Extracted entries —
▼

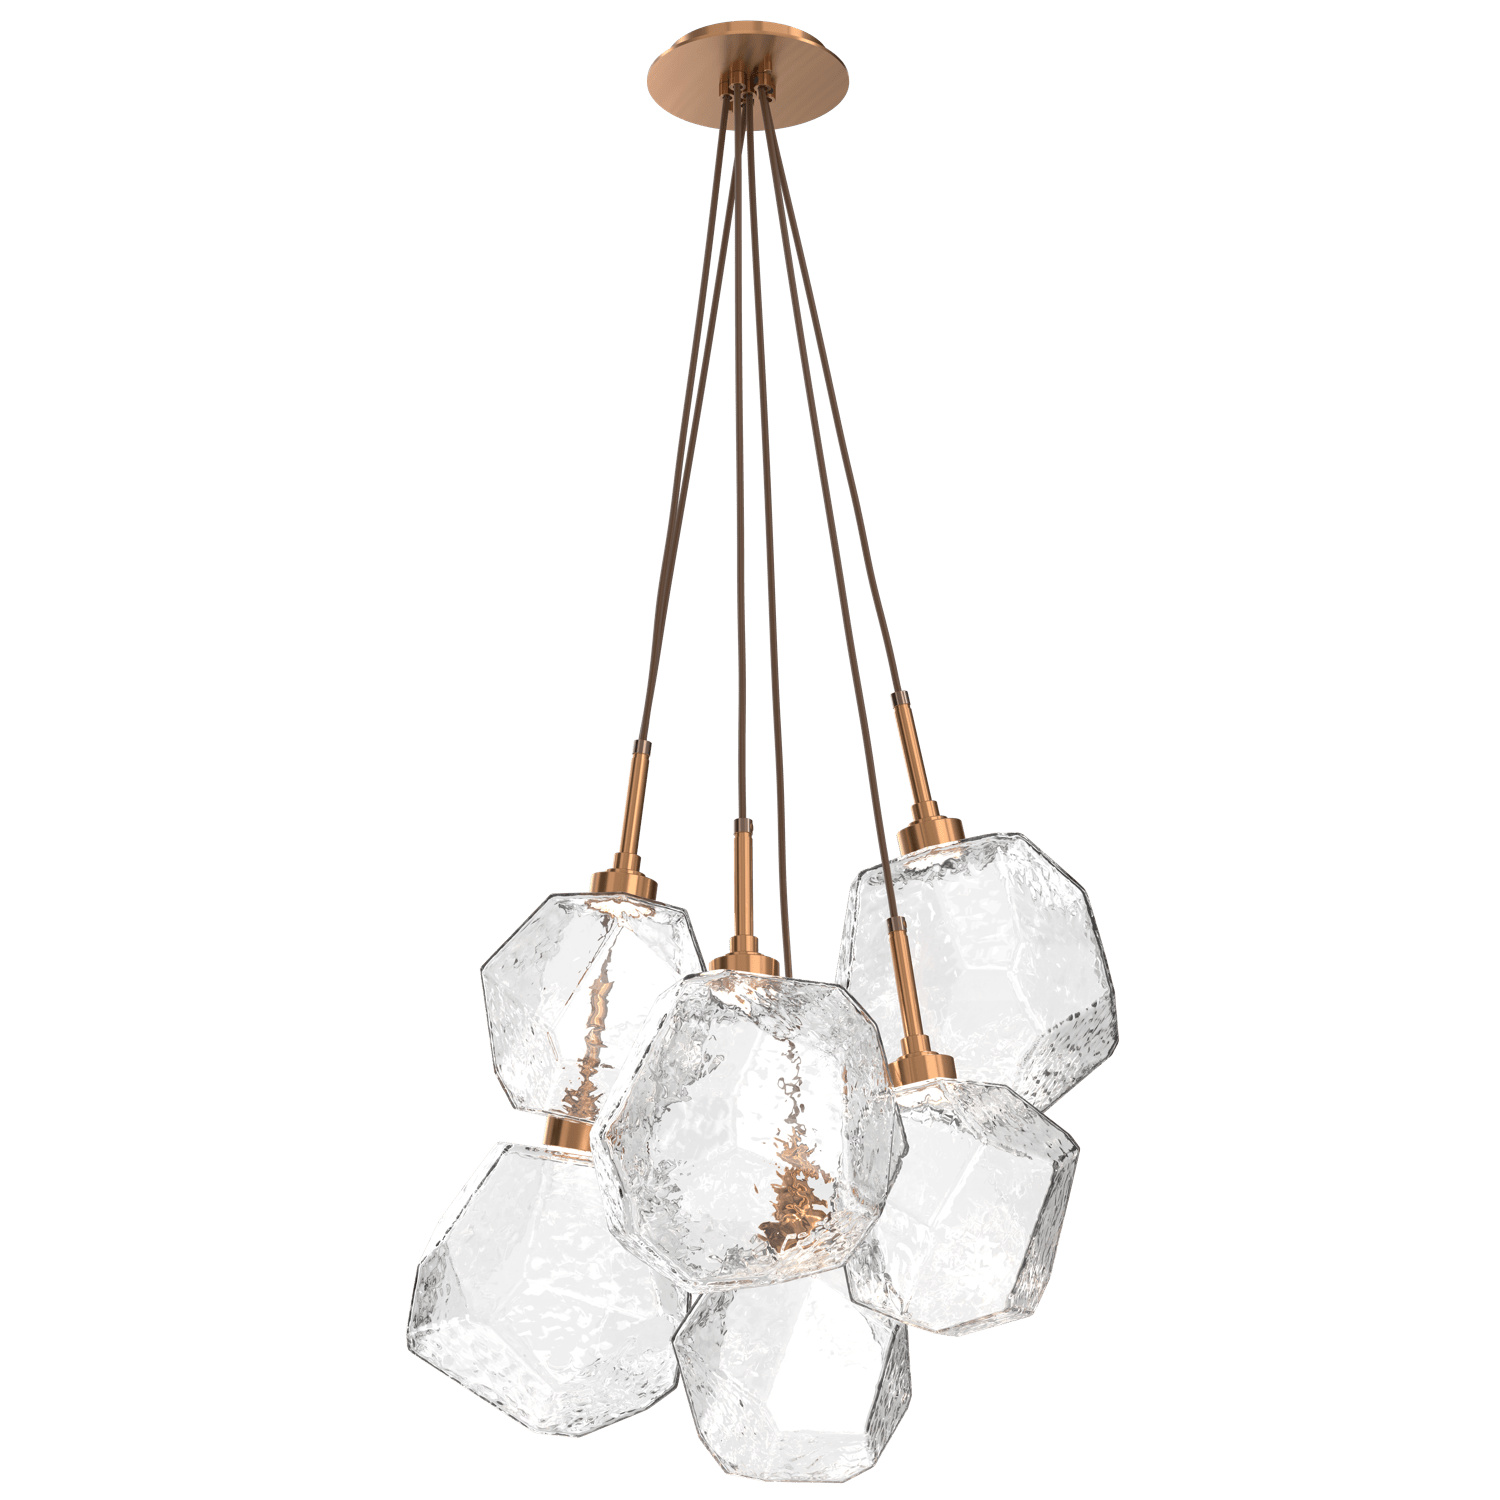 CHB0039-0F-RB-C-Hammerton-Studio-Gem-6-light-cluster-pendant-light-with-oil-rubbed-bronze-finish-and-clear-blown-glass-shades-and-LED-lamping
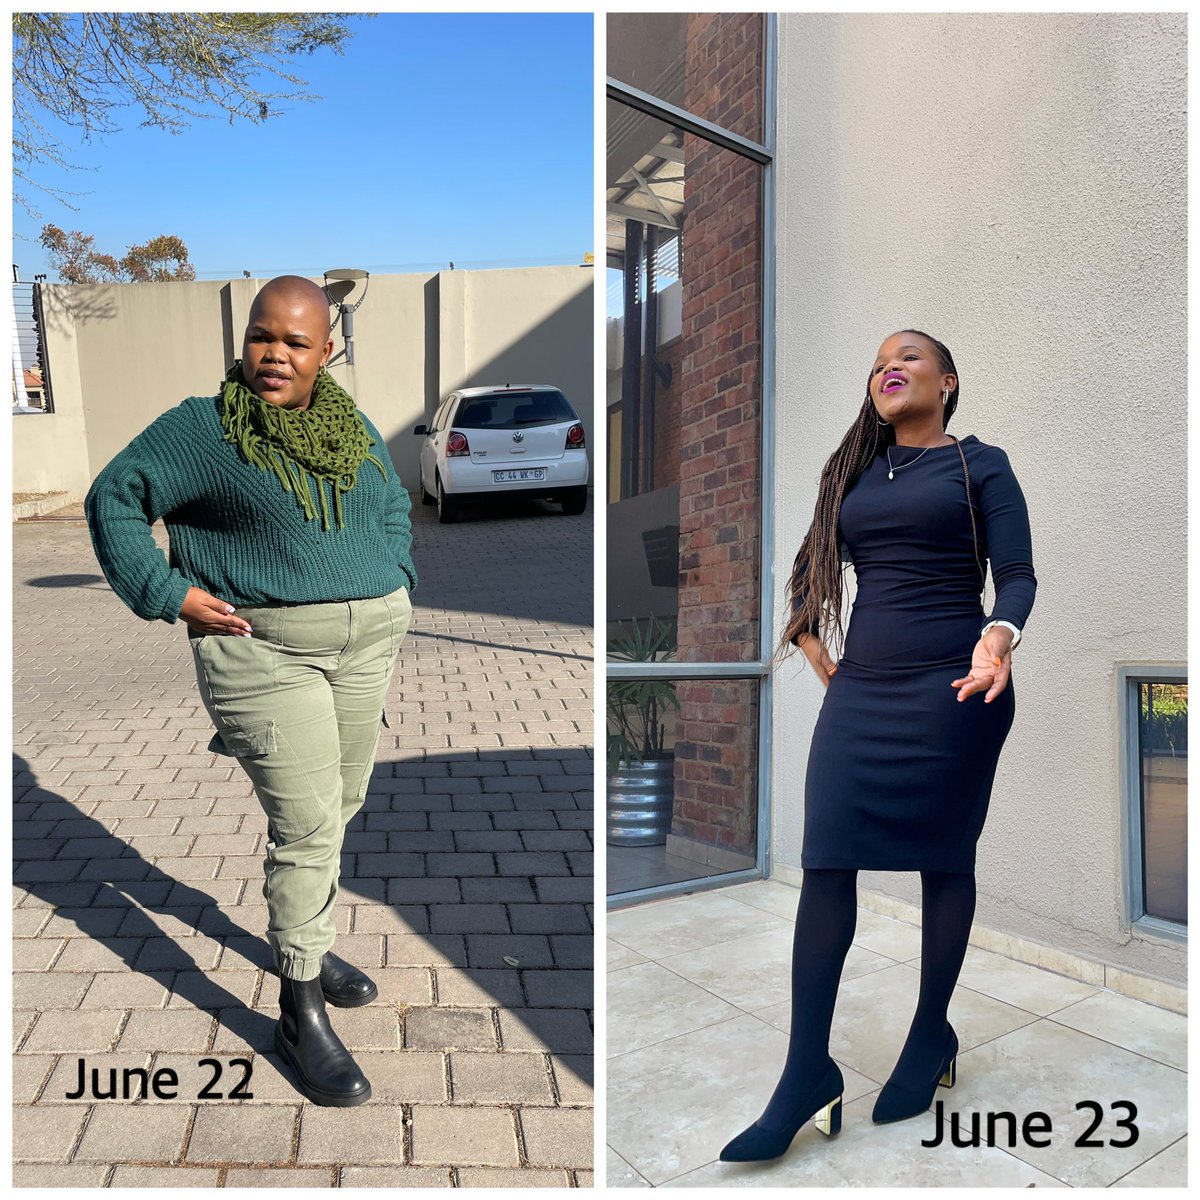 Nna I fetched my body Bathong 🤭

All I kept saying was I want to see what will happen if I don’t stop, the beauty is loving all the things I’ve been doing the past year. 

I learned how to swim
Became a better runner 

#FetchYourBody2023 
#IFetchedMyBody
#RunningWithTumiSole
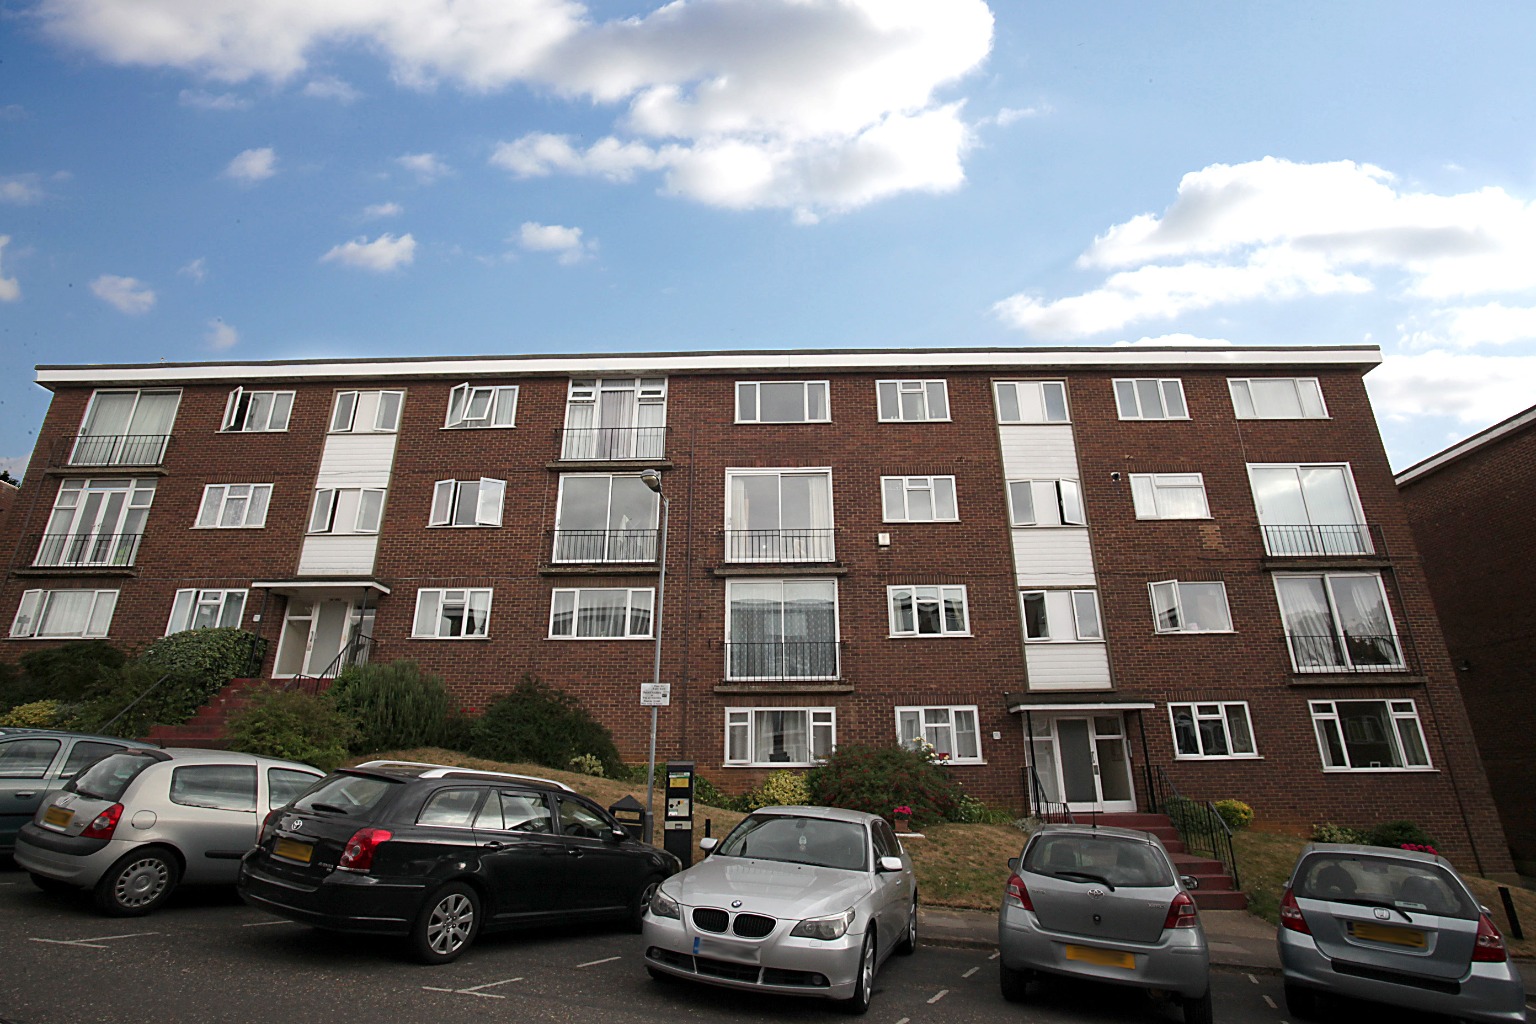 Giggs and Bell are delighted to offer for sale this beautifully appointed two-bedroom duplex apartment. The property is ideally located with South West facing windows and there providing a light and airy living environment. Further benefits include double glazed windows, private balcony, and...
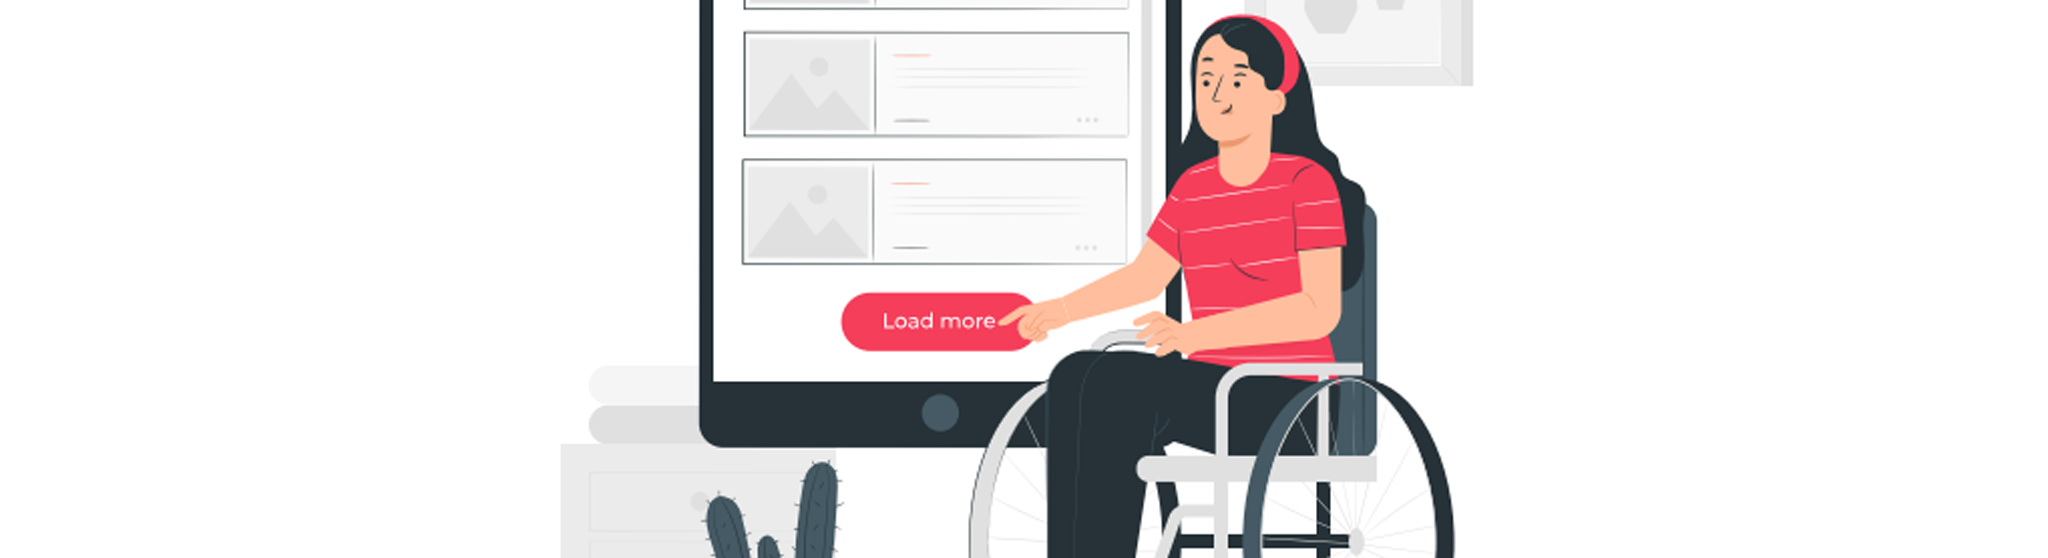 Accessibility Testing – Why Should Organizations Mandate It Before Their Product Goes Live 

▲

About this exercise — Nothing but the lines from the one containing "All I kept saying" through the final line of the records, both included and copied exactly, should appear in the answer; pictures stay out.

Exercise response —
All I kept saying was I want to see what will happen if I don’t stop, the beauty is loving all the things I’ve been doing the past year. 

I learned how to swim
Became a better runner 

#FetchYourBody2023 
#IFetchedMyBody
#RunningWithTumiSole
 Giggs and Bell are delighted to offer for sale this beautifully appointed two-bedroom duplex apartment. The property is ideally located with South West facing windows and there providing a light and airy living environment. Further benefits include double glazed windows, private balcony, and...
 Accessibility Testing – Why Should Organizations Mandate It Before Their Product Goes Live 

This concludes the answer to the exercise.